By: Riya Rawat, CSE, Chandigarh College of Engineering and Technology, Sector 26, Panjab University, Chandigarh, Email: co24353@ccet.ac.in

Abstract

It is evolving rapidly to reach a stage where there is nothing left to differentiate between the physical infrastructures and security of information systems. In this paper, we will try to analyze how we can use AI in formulating security architecture for the smart mobility framework which comprises self-driving cars, Vehicle-to-X systems, and traffic control. The rationale behind this approach is that the traditional defense mechanisms used earlier are entirely obsolete in the current scenario, and the only option available is to make use of AI-based frameworks.

Keywords: Intelligent Transportation Systems, AI Security, V2X Communication, Anomaly Detection, Autonomous Vehicles, Cyber-Physical Systems

Introduction

Current forms of transportation no longer remain solely mechanical in nature; they are now highly computerized and inter-networked. One autonomous vehicle alone could produce over four terabytes of data from its sensors every day, whereas a typical city traffic control center would manage thousands of such sensors simultaneously [2]. The old cybersecurity measures used to be built on the assumption that all cyber threats would come from nearby locations, yet today, when there is connectivity within mobility, the threats include the diagnostic ports on the automobiles to fleet management servers hosted in the cloud environment. A faulty traffic signal today is not only a violation of data security; it poses public safety challenges. Once a remote hack of the braking system of an automobile via wireless signaling was successfully carried out in 2022, the seriousness of the matter was made clear [3].

This need stems from the reality that smart infrastructure installations have never happened more quickly than now. With every additional node added to the network, the danger becomes higher, particularly from any skilled opponent. That is self-evident, and we must realize that security systems for the transportation infrastructure of the future can never be implemented using techniques of old. There is simply no other way around the issue except by means of artificial intelligence [1].

Threat Landscape

The potential entry points for a modern ITS include in-car network systems (CAN bus, Ethernet), RSU hardware, cloud-based computing infrastructure employed in fleet management, and wireless communication protocols (DSRC, C-V2X, and 5G NR). One of the most straightforward yet catastrophic attack methods entails GPS spoofing: GPS spoofing incidents have already shown that, even at the nation-state level, organizations would launch extensive attacks against geolocation services, and land transportation falls into the same category of vulnerabilities [4, 5]. For example, if there is an autonomous car without any manual intervention, sending incorrect GPS coordinates to the system can be regarded as a critical design flaw.

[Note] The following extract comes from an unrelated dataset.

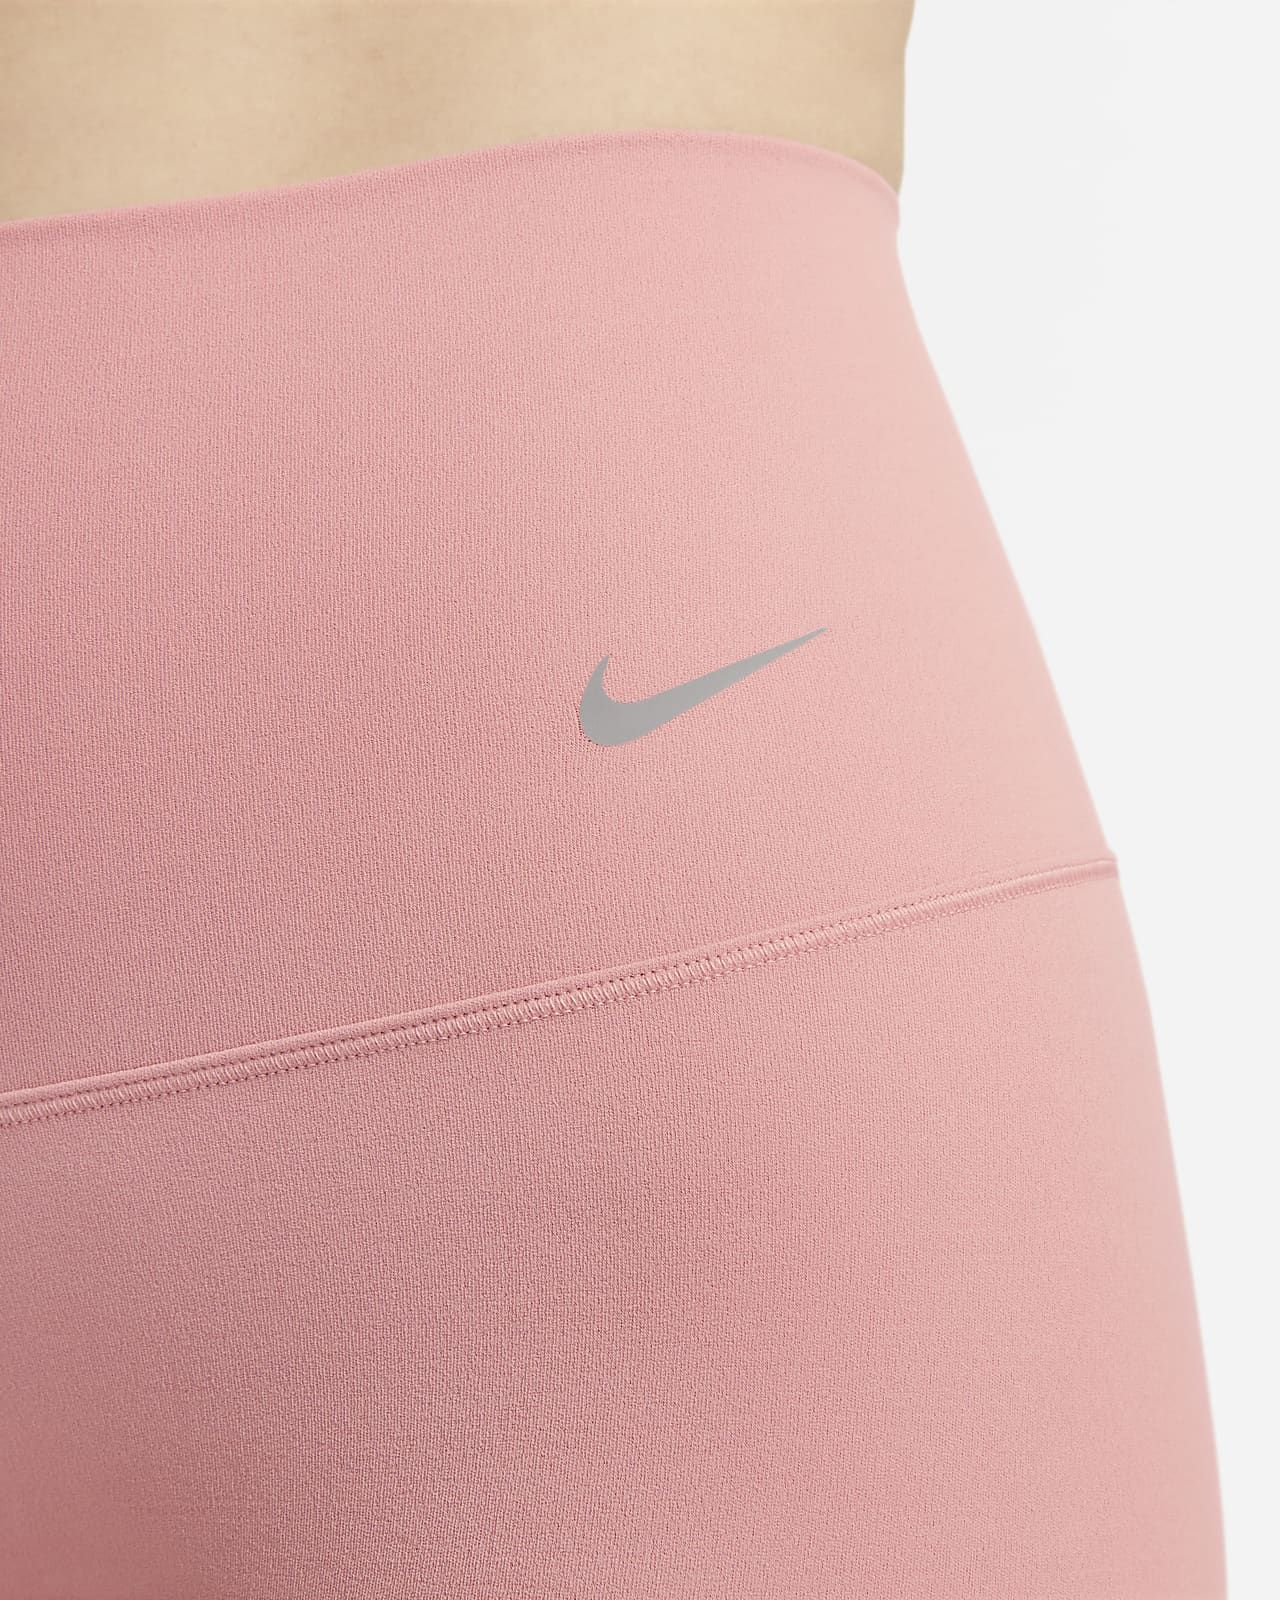 Nike Zenvy Women's Gentle-Support High-Waisted 7/8 Leggings. Nike.com | Nike (US)

One such potential approach would be to inject fake information through V2X communication. A CAM could lead to unnecessary emergency braking by several vehicles in a platoon formation, create imaginary obstacles, and interfere with timing at intersections, and there is no means to verify the legitimacy of the message using the old technology systems [3]. The use of IoT technology in the transportation system has made it difficult to implement any policy due to compatibility issues with different generations of technology [11]. Lastly, connected VANET networks are more susceptible to special DDoS attacks unlike those faced in normal networks [9].

AI as a Security Enabler

The biggest step towards effective AI-based detection is shifting from signature-based to behavioural detection. Signature-based system needs an attack to occur before being detected and countered—a highly reactive approach to the rapidly evolving threats landscape. By training models to recognize the usual patterns of communication between cars in the form of typical message rates, expected GPS envelope, regular output range of sensors, we can detect any deviations from the normal behavior such as suspicious peaks in message traffic or unexpected changes in location—without prior knowledge about the exact attack method [1].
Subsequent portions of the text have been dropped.